──────── DATA SHOWN ────────

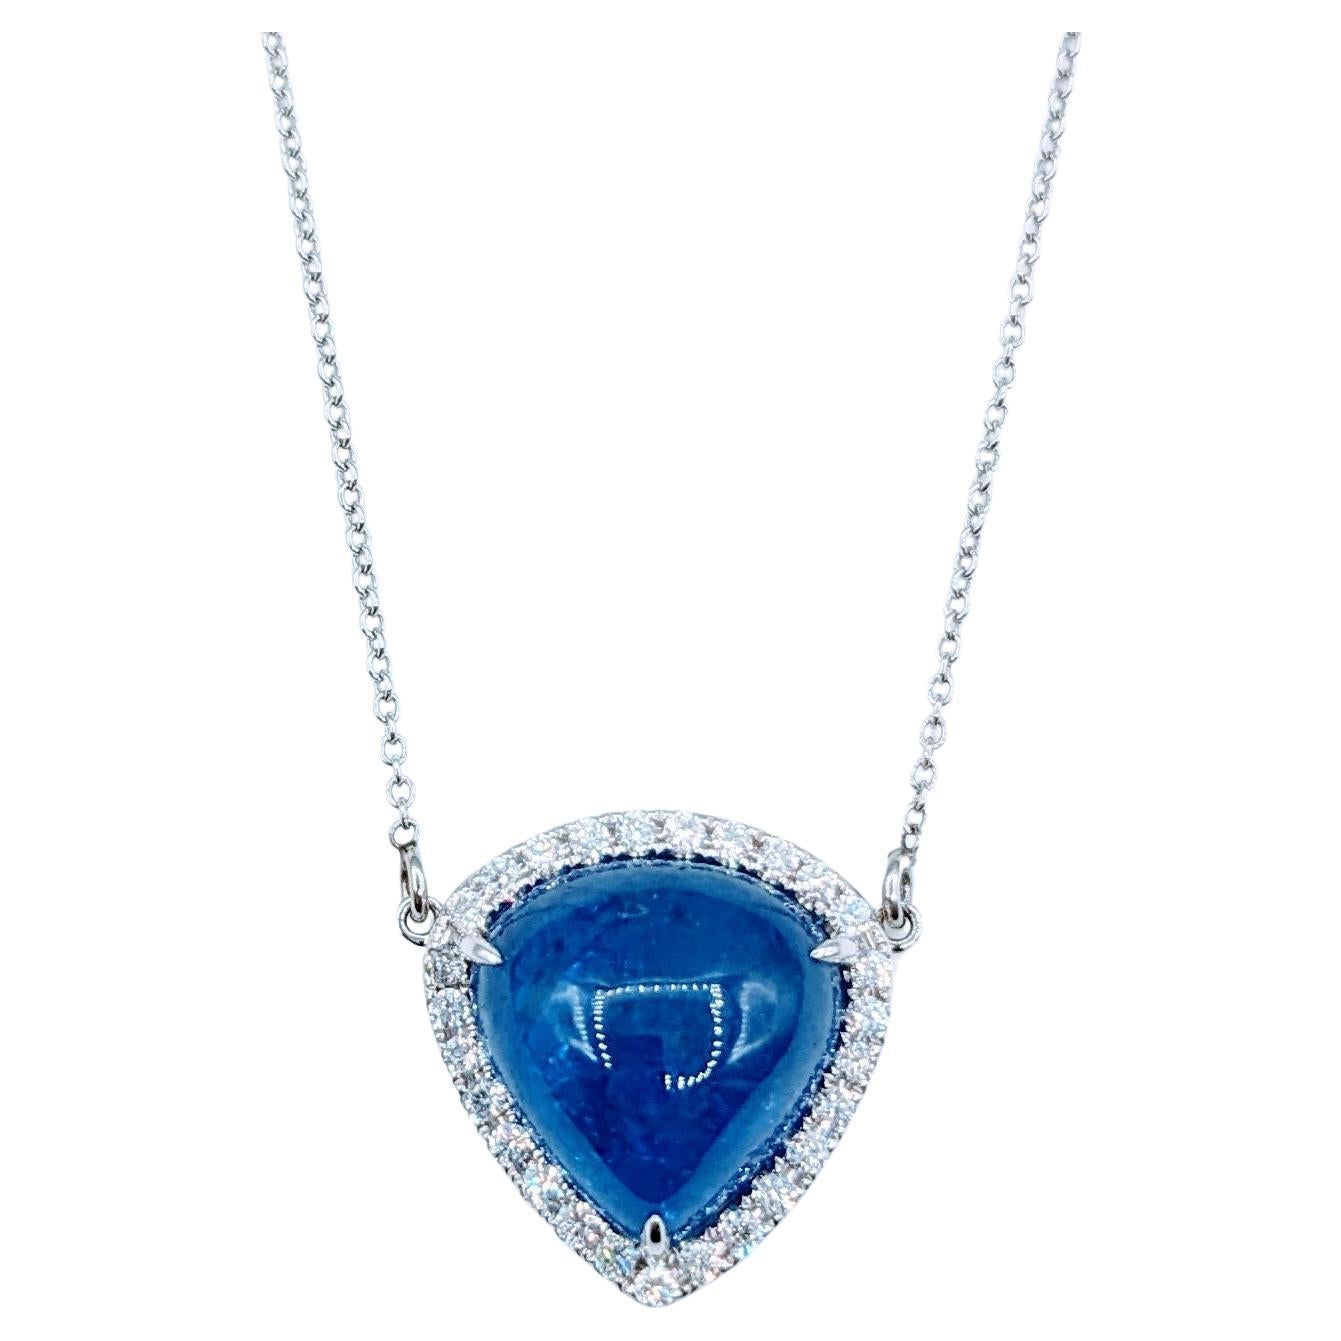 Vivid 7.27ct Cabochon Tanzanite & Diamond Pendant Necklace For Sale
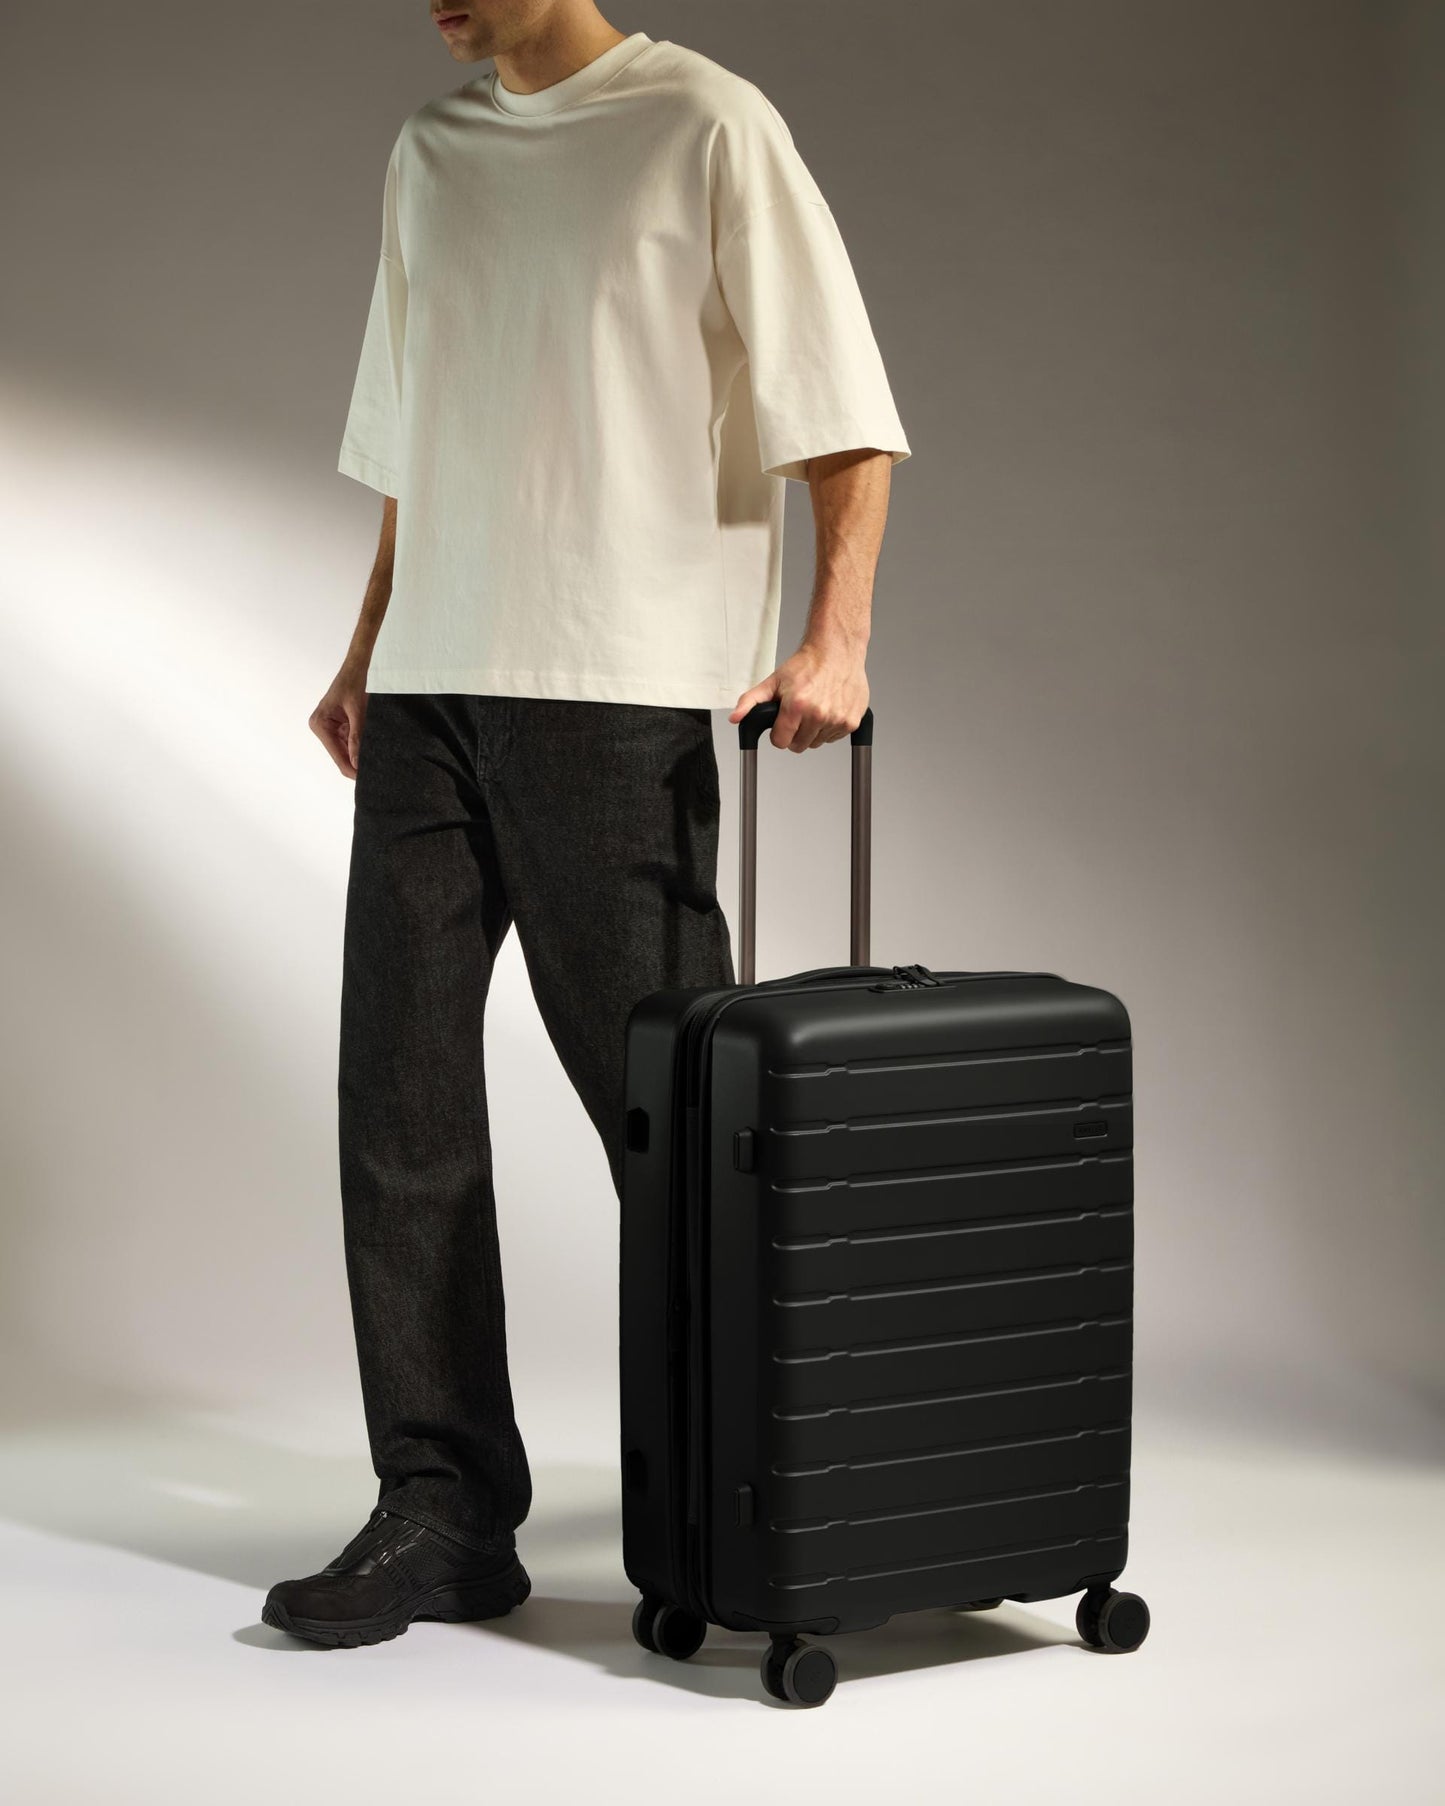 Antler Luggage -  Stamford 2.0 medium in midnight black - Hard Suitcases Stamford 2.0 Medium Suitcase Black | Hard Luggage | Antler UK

────────
──────── DATA SHOWN ────────

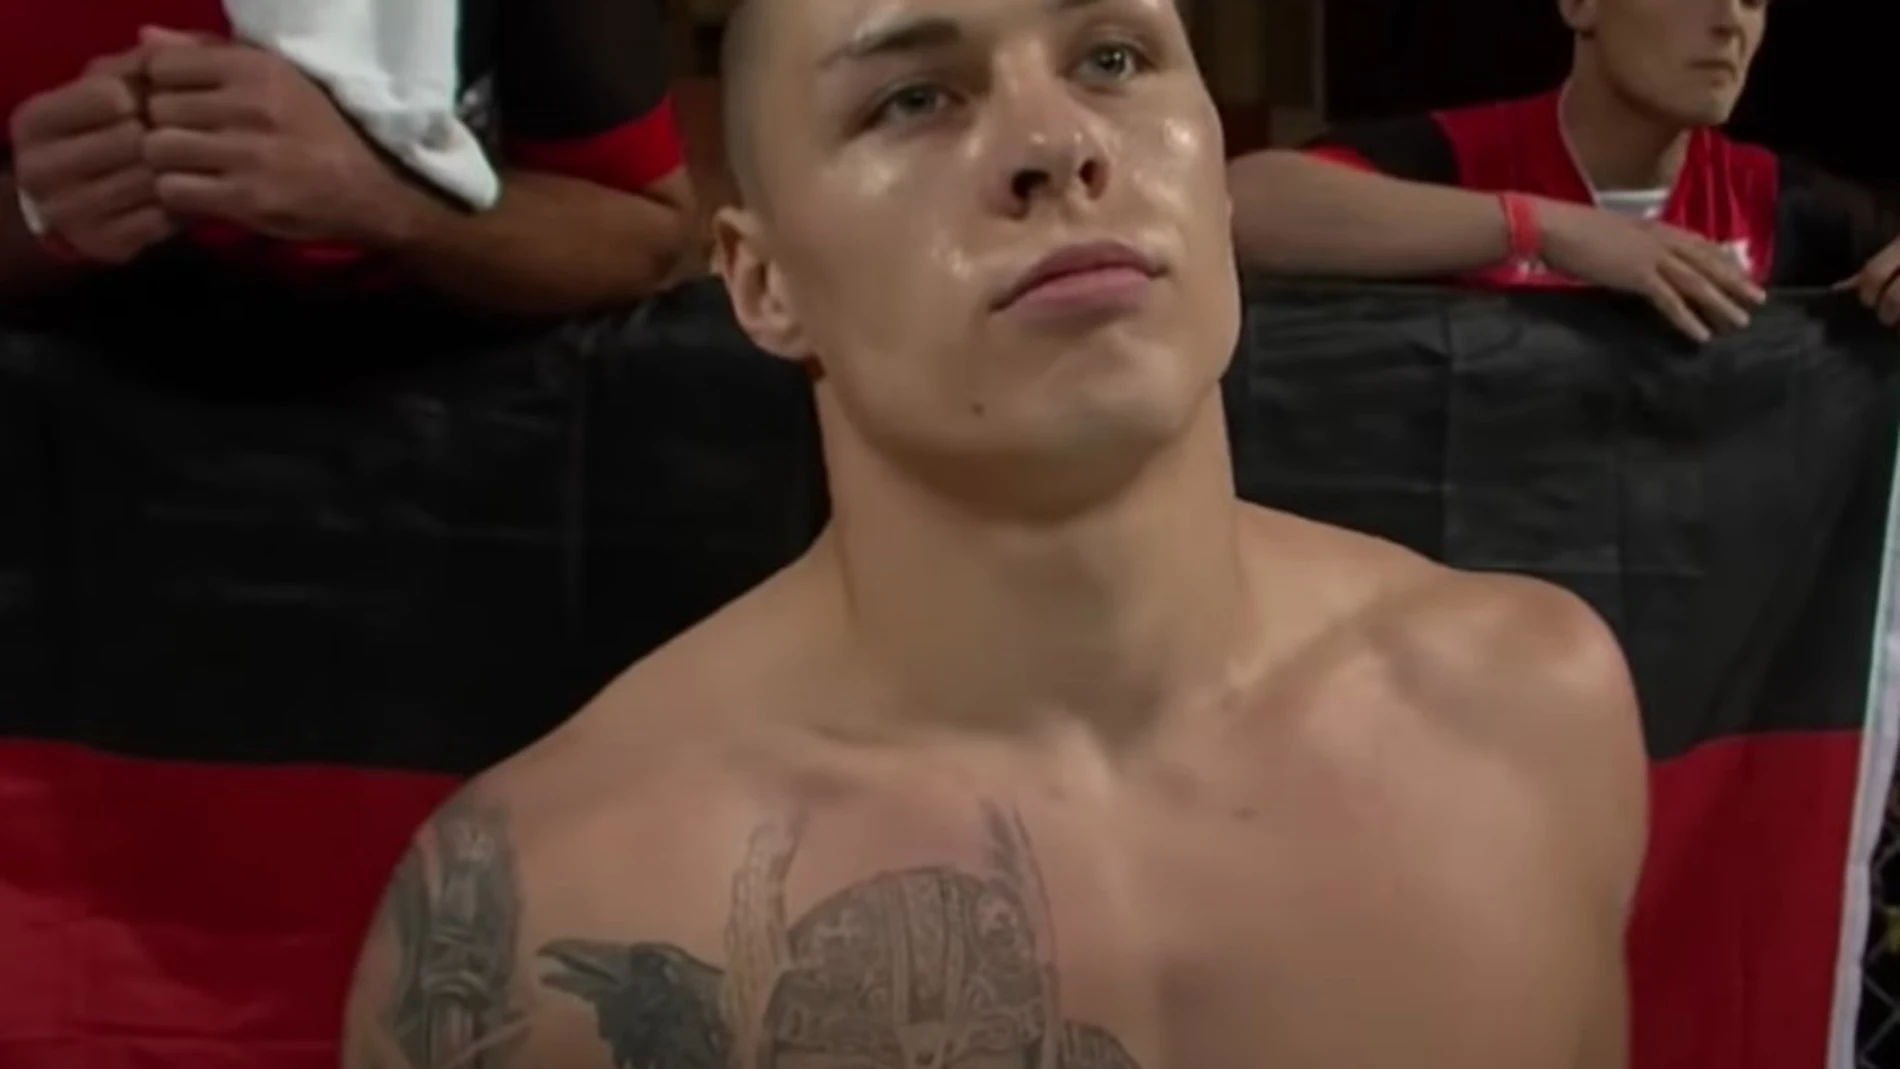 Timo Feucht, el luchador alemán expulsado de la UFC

────────

- TRY IT -
Repeat only the stretch of data above that runs from the line with "Vivid 7.27ct Cabochon" to the line with "Luggage | Antler UK". Keep both end lines; exclude pictures.

- REPLY TO THE EXERCISE -
 Vivid 7.27ct Cabochon Tanzanite & Diamond Pendant Necklace For Sale
 Antler Luggage -  Stamford 2.0 medium in midnight black - Hard Suitcases Stamford 2.0 Medium Suitcase Black | Hard Luggage | Antler UK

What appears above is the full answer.